Когда мне настало время уезжать, Бродский развил бурную деятельность, позвонил друзьям-коллегам, уточнил расписание на автобус и где продаются билеты, отвез меня покупать билеты, а потом на автобусную остановку. Стоя рядом со мной на остановке, вдруг заметил, что у меня кончились сигареты, и, несмотря на мои протесты, нырнул в машину, поехал и купил мне сигареты. Есть воспоминания одного из его питерских друзей, которого он провожал до дома, а в подъезде от избытка чувств — схватил в охапку и внес на пятый этаж. Так что мне еще повезло.
Из Хедли путь мой лежал в Ганновер, штат Нью-Хэмпшир, на границе штата Вермонт. Опять самые что ни есть фростовские места. Здесь еще лежал снег. Лев Лосев, профессор кафедры русского языка Дартмутского колледжа, сразу мне ужасно понравился. У него были безукоризненные петербуржские манеры и при этом — ни малейшего пафоса, ничего слишком. Впоследствии мне довелось общаться с ним и переписываться, почти до самых последних его дней, — он всегда оставался равен себе самому.
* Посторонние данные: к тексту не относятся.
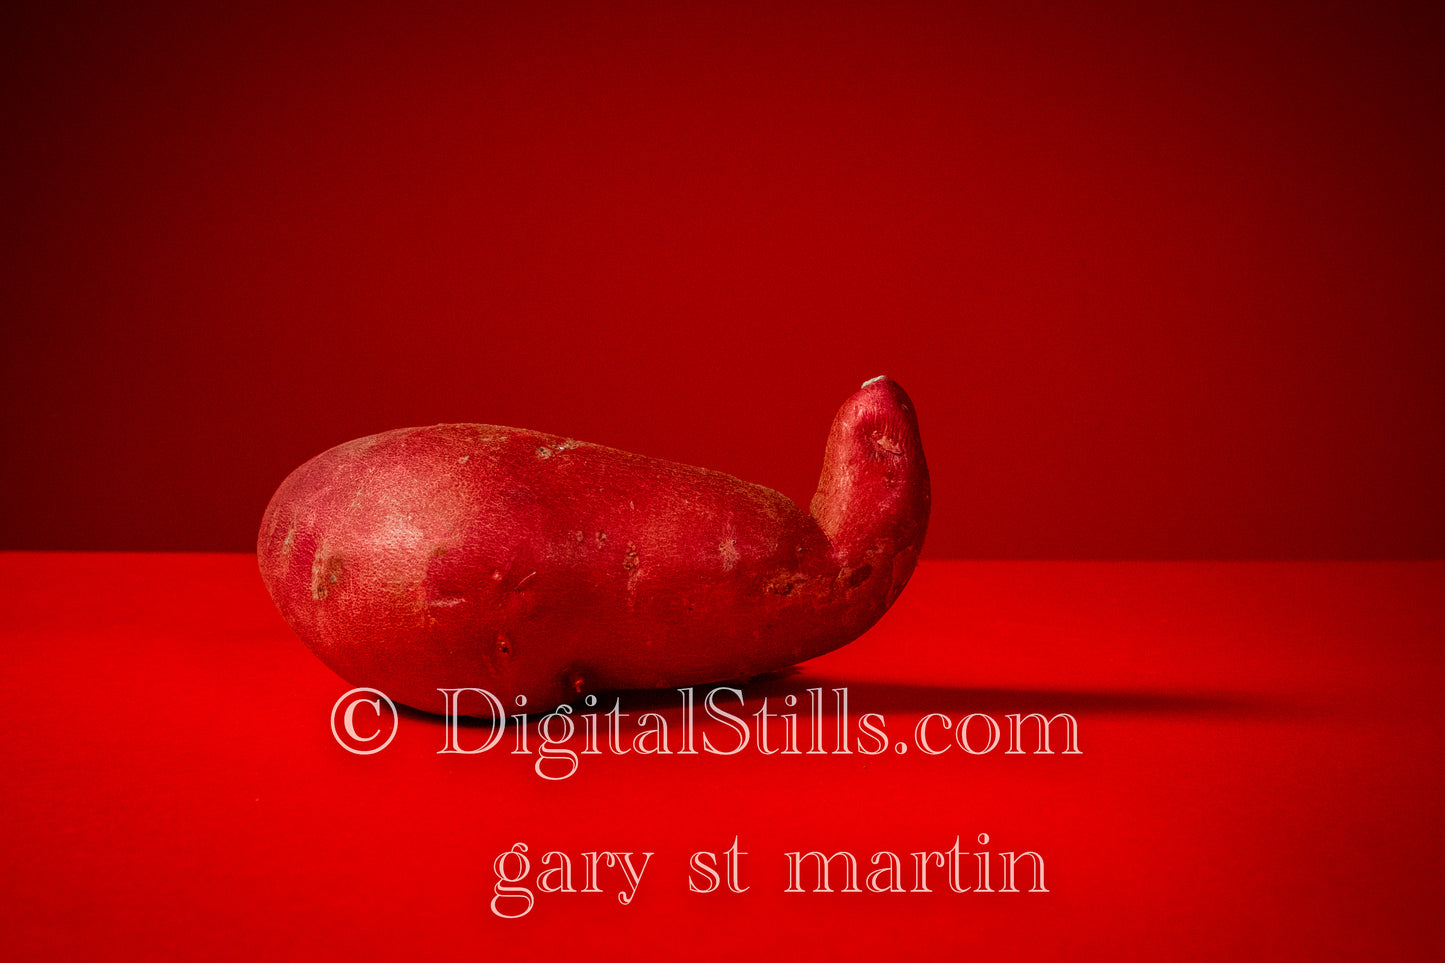 Potato Red

Мне страшно нравилось и нравится, что, оставаясь в жизни таким сдержанным и корректным (почти политкорректным), в стихах он мог быть каким угодно — дерзким, ироничным, надменно-презрительным, — здесь он давал полную волю своему поэтическому темпераменту. Например, в стихотворении, где поэт (абстрактный) говорит про свою обслюнявленную патриотами родину:
И так далее. Вплоть до потрясающей концовки, которая, не отменяя ни одного сказанного слова, все сразу преображает и превращает карикатуру — почти в икону.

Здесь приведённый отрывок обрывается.